Por Marcellus Nishimoto
O bem sucedido processo de gestão de imagem de Lady Gaga não está centrado na habilidade de criação de estridentes visuais ou de controversas declarações. Manifesta-se na original capacidade de criar vontade de ação em seus apreciadores mais entusiasmados. Ou seja, o desejo de vivenciarem, pessoalmente, as imagens hiperbólicas da cantora. Eles reproduzem desde as roupas performáticas apresentadas por ela, os clipes com múltiplos fragmentos da cultura pop ao comportamento teatralizado nos ambientes públicos. A teia de referências é tamanha que a House of Gaga – o coletivo de mais de 100 pessoas responsável por estudar, idealizar e construir as imagens da cantora – consegue estabelecer, em algum momento, um ponto de contato com a memória visual e afetiva de cada espectador. A performance racionalmente heterodoxa de Gaga quebra alguns tabus de comportamento e incentiva os fãs a vivenciar uma exposição instantânea, em escala global, nas comunidades sociais como o Youtube. Ai mora o grande trunfo. Seus admiradores, munidos da tecnologia atual e no processo de reprise doméstica da artista, são a parte ativa e mais significativa na manutenção contínua da persona de Lady Gaga. Os vídeos caseiros – alguns bem produzidos –, em paródia ou admiração se multiplicam exponencialmente e são assistidos por milhões de pessoas, tornando os novos avatares de Gaga em celebridades imediatas.
As músicas são, por obviedade, o ponto inicial de contato da cantora. Suas composições são soluções aprendidas do repertório pop, sem pretensas vontades. Mas também são construídas no mesmo método das imagens: com multi-citações do passado recente em cruzamento estético dançante. A última música de trabalho da cantora, Alejandro, possui a batida que relembra instantaneamente o som do sueco Ace of Base, grupo dance de sucesso nos anos 90. O clipe da composição revisita a diva declarada da artista, Madonna, tanto nos apelos coreográficos quanto nos figurinos assinados, agora, por Giorgio Armani. Os vídeos das músicas Vogue e Express Yourself, ambos de Madonna, e o estilista Jean Paul Gaultier são parodiados como se Lady Gaga fosse, também, um avatar da rainha do pop. Uma Gaga em comportamento auto-apreciativo semelhante aos seus fãs digitais.

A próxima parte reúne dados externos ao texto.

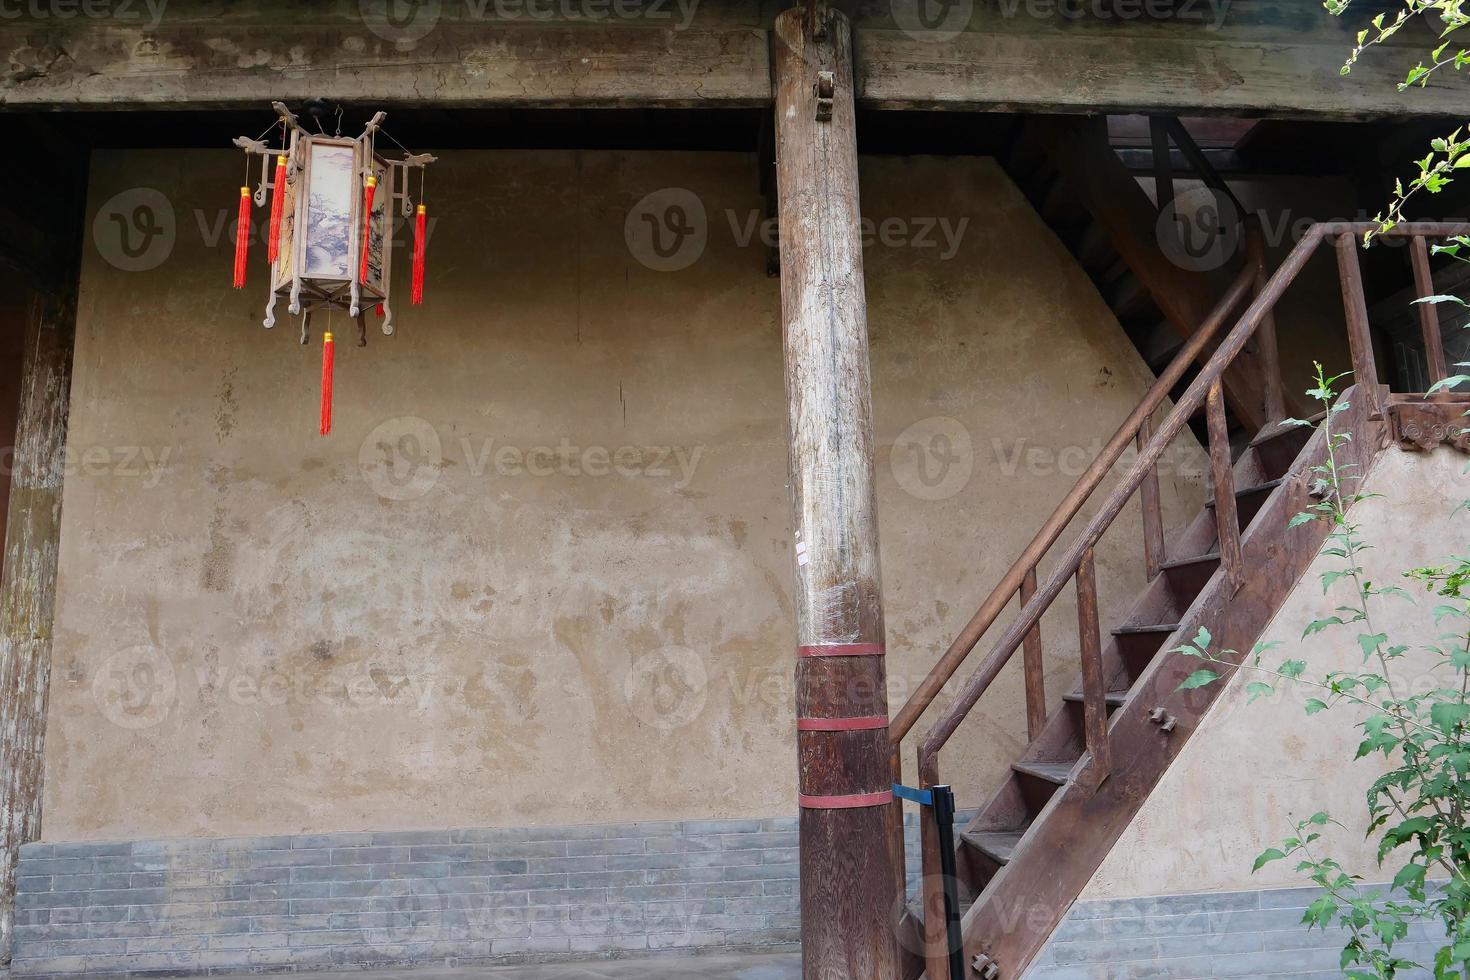 résidences traditionnelles chinoises au musée des arts populaires de tianshui en chine photo
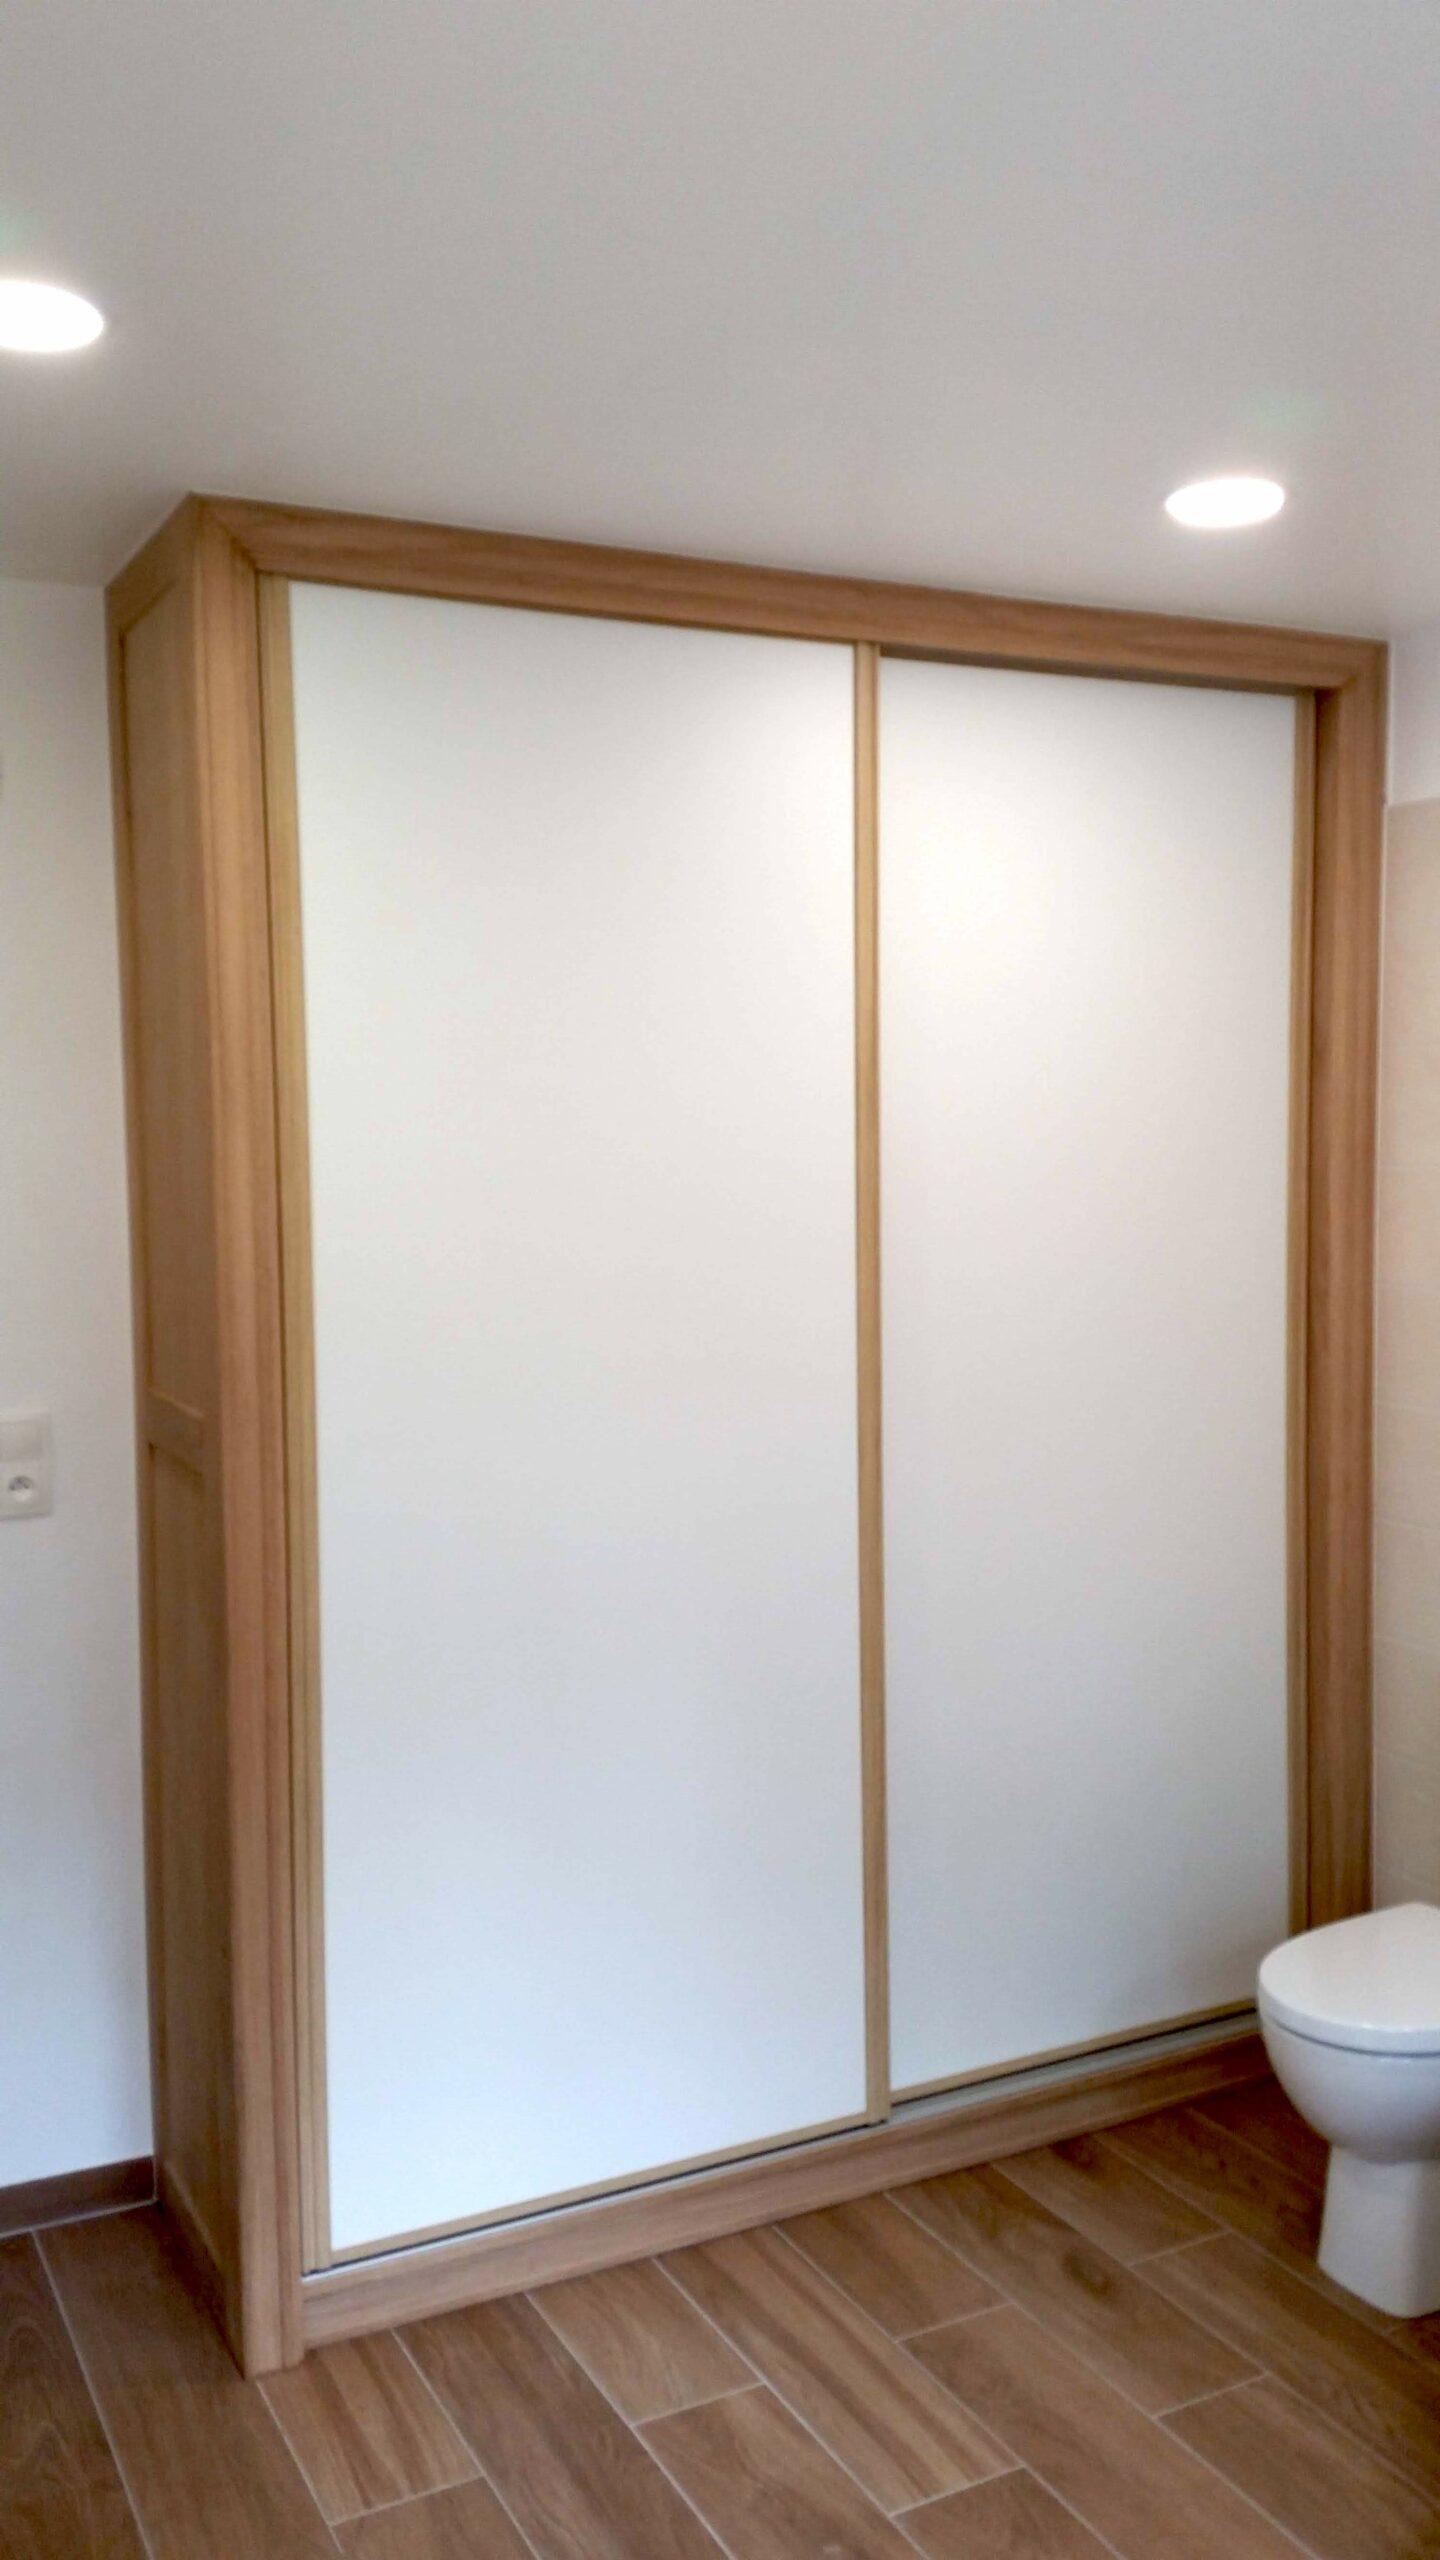 Fabrication et pose d'un placard dans une salle de bain image_1

Ao criar esse caldeirão de referências, Lady Gaga valida e toma a dianteira na conveniência de se fantasiar e viver a personagem do homenageado, ou vários. Madonna sempre se preocupou em criar tendências quando elas eram ainda sistematicamente ditadas pela elite. Misturou-as com as ruas, definiu comportamentos, serviu de canal para a legitimação da multiplicidade de gêneros e sexualidades. Foi a precursora do chamado marketing pessoal, alimentando a mídia de acordo com as suas necessidades. E se valeu de um staff de colaboradores em sintonia com as tendências apontadas como emergentes. A originalidade e superação de Lady Gaga está na reprise fragmentada e plural de espíritos anteriores, na mudança radical e quase imediata de sua imagem e no entendimento absoluto do discurso pop de Andy Warhol: "todos terão seus 15 minutos de fama"; ou, no caso, 9:59 minutos, o tempo máximo de um vídeo no Youtube.
PS: O Youtube anuciou (28-07-10) que acaba de aumentar o tempo de upload dos vídeos para 15 minutos. Andy Warhol era um profeta.